Iran has used drones to harass the US naval presence around the Arabian Gulf, augment its influence in Syria and Iraq, and attack or threaten the critical infrastructure of US allies in the region. To neutralize the Iranian drone threat, the US should pursue a strategy based on raising the costs of further attacks, investing in counter-drone technologies, and extending the UN arms embargo.

“Iran is poised to blow through additional nuclear deal restrictions in the next few weeks. This is the crucial time to avoid an escalation of the situation,” said Daryl Kimball, Executive Director of the Arms Control Association, an organization that has closely tracked nuclear negotiations involving Iran.

One reason for a sense of urgency among some U.S. officials as well as those outside the American government is that Iran holds presidential elections in June, with the campaign season kicking off in May. The politics surrounding the 2015 nuclear agreement are very sensitive in Iran, so the mullahs’ regime is unlikely to allow any major moves on it amid a campaign.

Unmanned aerial vehicles (UAV) drill held by Iranian army in Semnan, Iran on January 5, 2021. (Getty)
Unmanned aerial vehicles (UAV) drill held by Iranian army in Semnan, Iran on January 5, 2021. (Getty)

Iran - China

For Iran, China is its most important potential savior in midst of the US embargo as it is Tehran’s first trading partner. Beijing was the first destination for Iran’s Foreign Minister, Mohammad Javad Zarif after the US withdrawal from the nuclear deal. This highlights the importance of China to Iran at present and reflects the possibility of China-Iran trade and investment cooperation continuing conditioned upon developing a secure financial transaction mechanism between the two countries.

According to Khamenei, there are two potential ways to confront the sanctions –  either "begging sanctioners to lift sanctions" which would prompt them to roll out "a few arrogant demands" or "using domestic sources to produce sanctioned products."

Iran’s Defense Ministry unveiled a mass of new drones over the weekend for the Islamic Republic’s army and air force. According to Tehran, the drones have advanced capabilities and can fly more than 1,000 km., which means they could reach Israel from Iran.

“This would rival the best drones that the US and other countries are now using. These drones have a range of up to 1,500 km, and can fly for several hours. It is a message to Israel, the US and their allies – We can reach you.” wrote Seth J. Frantzman, the Middle East affairs analyst at The Jerusalem Post.

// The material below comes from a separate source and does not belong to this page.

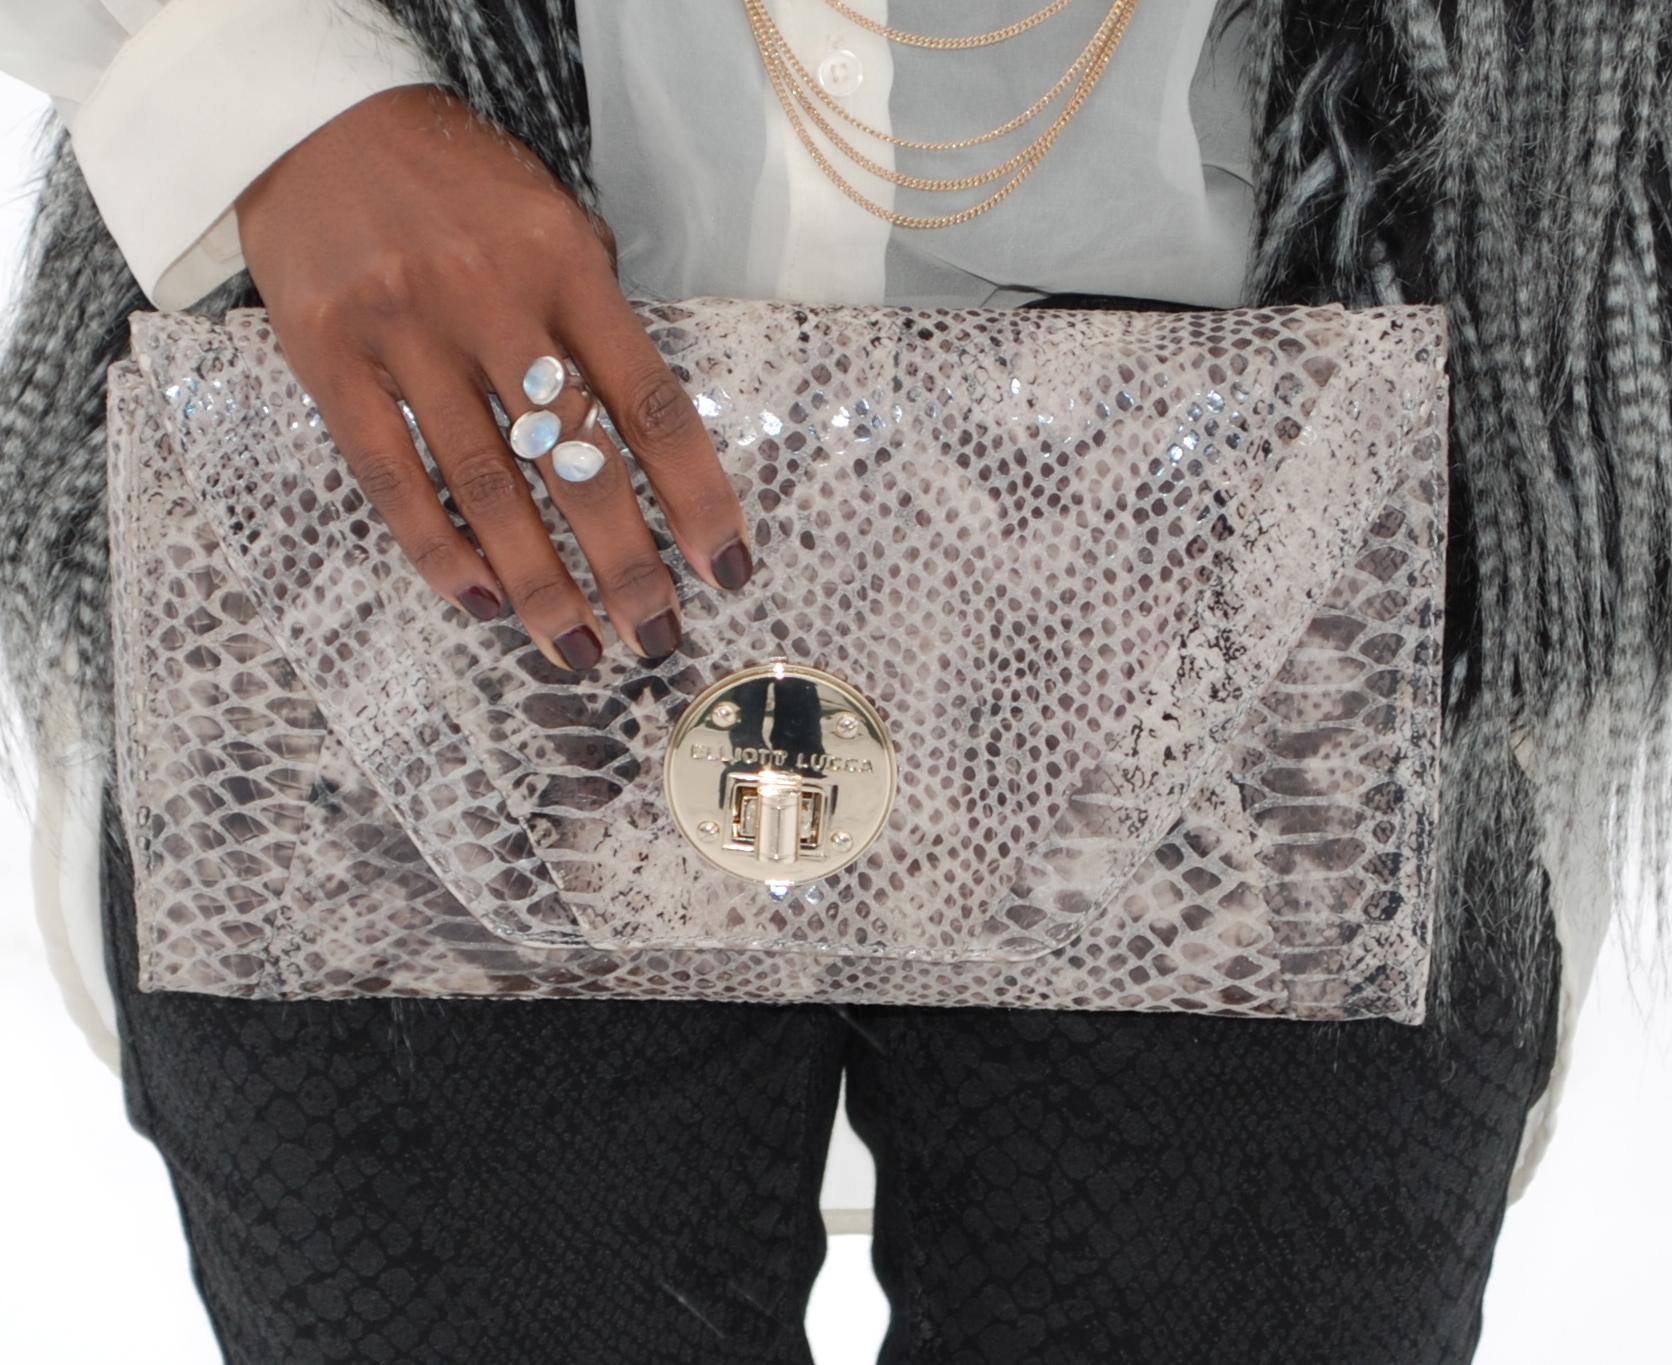 purse shot

Radical terrorism in its many forms remains the most immediate global threat. The Lebanon-based Hezbollah has a long history of executing terrorist attacks against American targets in the Middle East at Iran’s direction. Such state-sponsored terrorist attacks pose the Iran’s greatest potential threats to the U.S. homeland, at least until Iran develops a long-range ballistic missile capable of targeting the United States.

Iran will likely continue to enhance the precision and increase the range of its solid-fuel, Fateh-family of ballistic missiles, while also seeking to improve pre-launch survivability. In parallel, Tehran is likely to build a capacity to develop real-time targeting using unscrewed aerial vehicles and drones.

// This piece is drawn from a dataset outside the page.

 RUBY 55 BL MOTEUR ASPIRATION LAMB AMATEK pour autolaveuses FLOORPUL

It is expected that Iran will continue to target maritime navigation in the Gulf waters, and continue to target the Kingdom of Saudi Arabia from Yemen, in parallel with its refusal to negotiate with the United States over the nuclear issue. Iran wants to obtain greater privileges and raise the ceiling of its demands with the U.S., as well as to reach a direct agreement with the U.S. and put aside the Europeans. The Iranian escalation comes due to the lack of a deterrent force or the inability of the U.S. and Europe to document Iran's violations which can be attributed to American and European avoidance of any security escalation in the Strait of Hormuz for economic reasons.